Re: lucene 2.9 sorting algorithm

Posted by Mark Miller <ma...@gmail.com>.

Jake Mannix wrote:
>
>
> On Thu, Oct 22, 2009 at 9:25 PM, Mark Miller <markrmiller@gmail.com
> <ma...@gmail.com>> wrote:
>
>     >> he new API is much harder for the
>     >> average user to use, and even for the experienced user, it's not
>     terribly fun,
>     >> and more importantly:
>
>     Do we have enough info to support that though? All the cases I
>     have seen
>     on the list, people have figured it out pretty easily - havn't really
>     seen any complaints in that regard (not counting you and John -
>     that is
>     two).
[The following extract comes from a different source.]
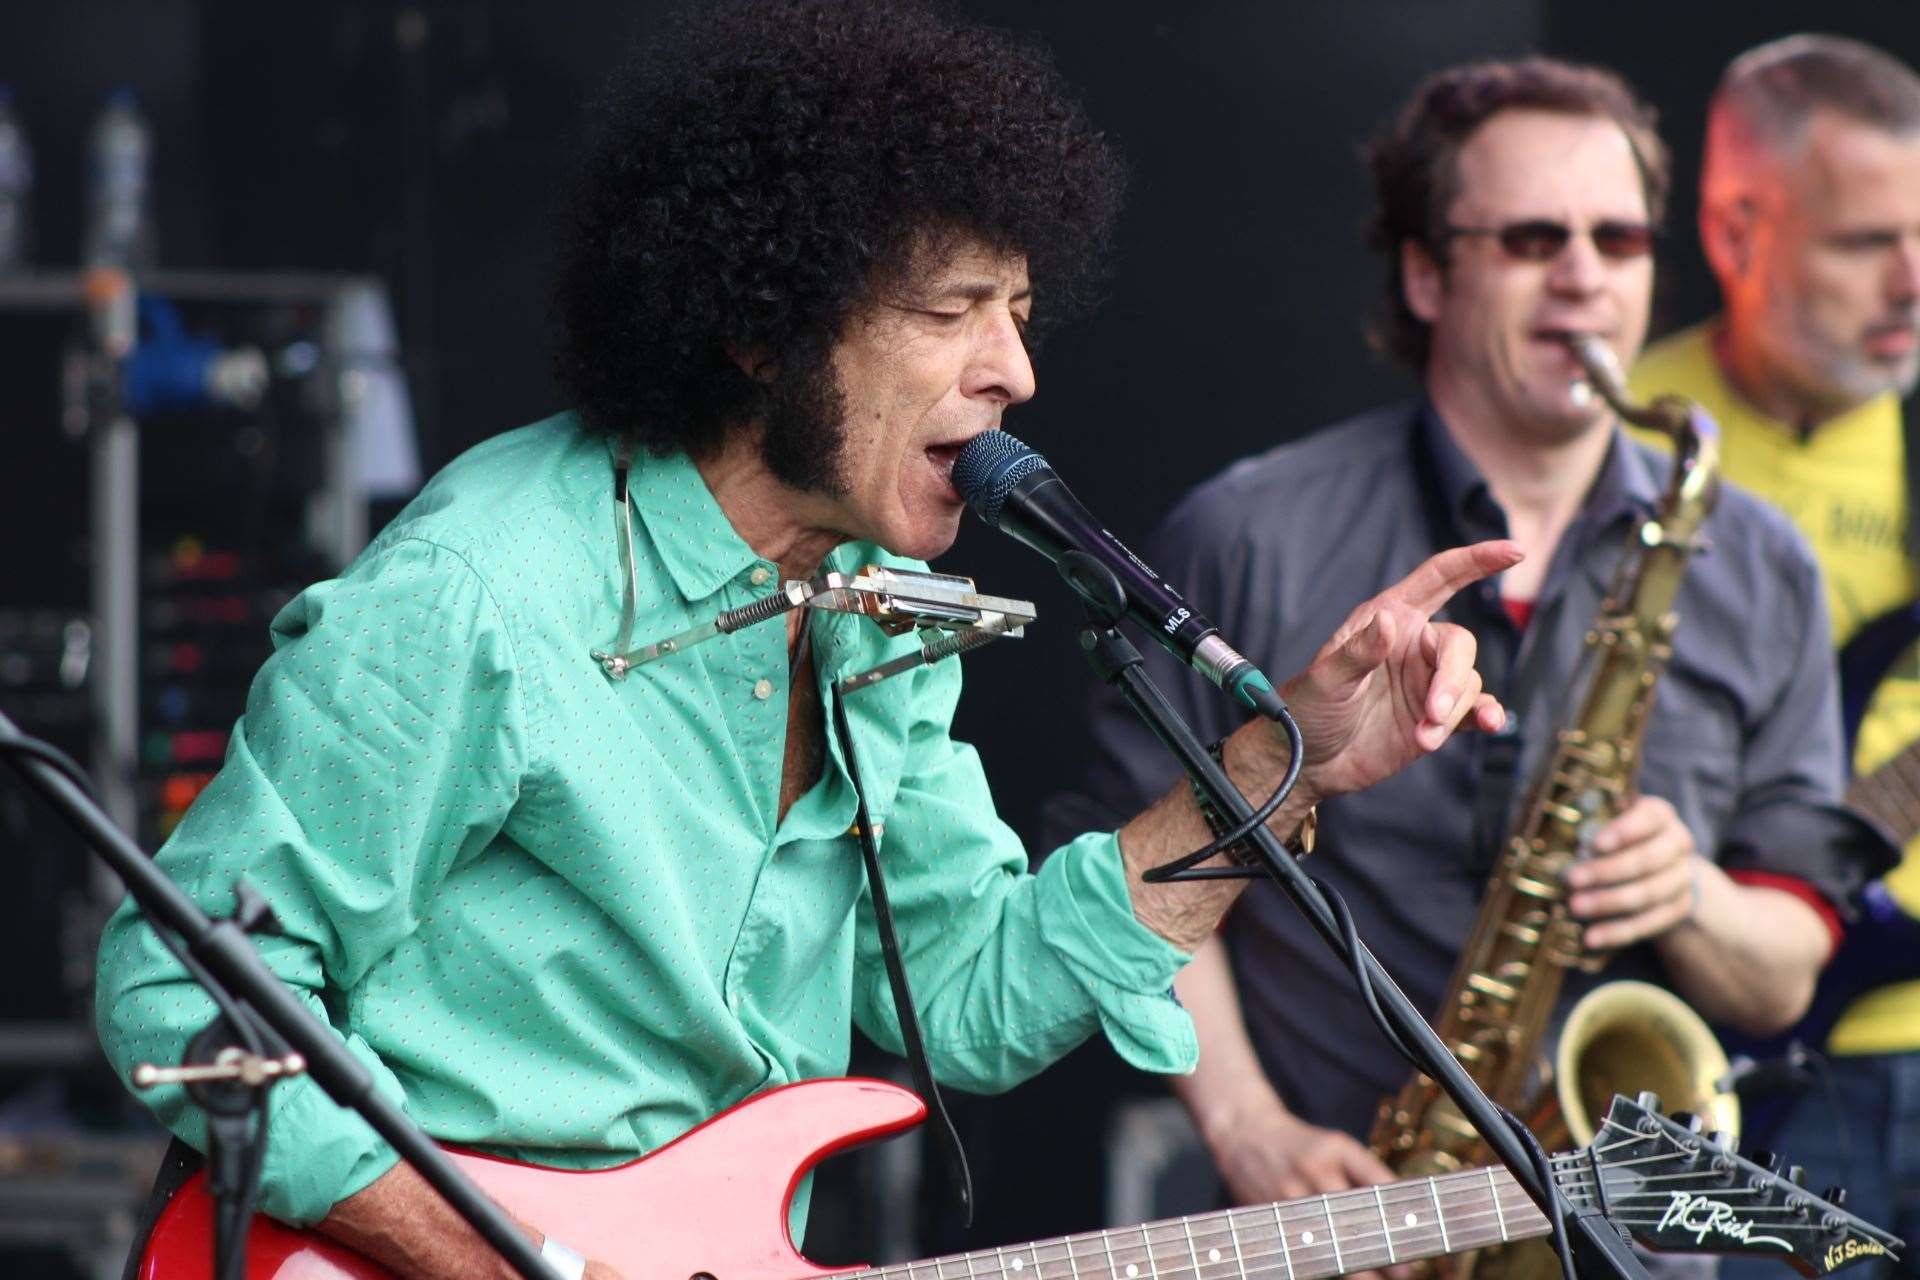 Ray Dorset of Mungo Jerry at A New Day Festival at Mount Ephraim Gardens, Hernhill, Faversham (14861486)

The only other complaints I have noticed are those that happened
>     to count on unsupported behavior (eg people counting on no
>     MultiSearcher
>     use)
>
>
> John and I and TomS all found it both complex, and we're all pretty
> serious
> users of inner lucene apis.
>
> You see *core developers* saying the api seems fine.  Have you seen
> *any users*
> of the new sorting api say anything positive about it?  Do you know of
> *anyone* who
> has implemented the new comparator interface at all,  let alone
> *likes* it? 
> 3 negative votes by users, in comparison to *zero* positive votes by
> users
> together with a bunch of core developers saying, "yeah it looks easy,
> what are
> you guys complaining about?".
>
> Internal apis take a while to percolate out to the user base - we're
> only the first
> few running into this, and while the sample size is small, it
> shouldn't be discounted.
>
> Yes, of course it is possible to migrate to the new APIs - which is
> what we, as well
> as many others, were in the process of doing.  This is just an example
> of an API
> which got more complex in going to 2.9, and unlike the Collector API,
> it's possible
> that in this case it wasn't necessary for it to be as complex as it did.
>
>   -jake
>
Yes - I've seen a handful of non core devs report back that they
upgraded with no complaints on the difficulty. Its in the mailing list
archives. The only core dev I've seen say its easy is Uwe. He's super
sharp though, so I wasn't banking my comment on him ;)

-- 
- Mark

http://www.lucidimagination.com




---------------------------------------------------------------------
To unsubscribe, e-mail: java-dev-unsubscribe@lucene.apache.org
For additional commands, e-mail: java-dev-help@lucene.apache.org

Re: lucene 2.9 sorting algorithm

Posted by Jake Mannix <ja...@gmail.com>.

On Thu, Oct 22, 2009 at 9:25 PM, Mark Miller <ma...@gmail.com> wrote:

> >> he new API is much harder for the
> >> average user to use, and even for the experienced user, it's not
> terribly fun,
> >> and more importantly:
>
> Do we have enough info to support that though? All the cases I have seen
> on the list, people have figured it out pretty easily - havn't really
> seen any complaints in that regard (not counting you and John - that is
> two). The only other complaints I have noticed are those that happened
> to count on unsupported behavior (eg people counting on no MultiSearcher
> use)
>

John and I and TomS all found it both complex, and we're all pretty serious
users of inner lucene apis.

You see *core developers* saying the api seems fine.  Have you seen *any
users*
of the new sorting api say anything positive about it?  Do you know of
*anyone* who
has implemented the new comparator interface at all,  let alone *likes* it?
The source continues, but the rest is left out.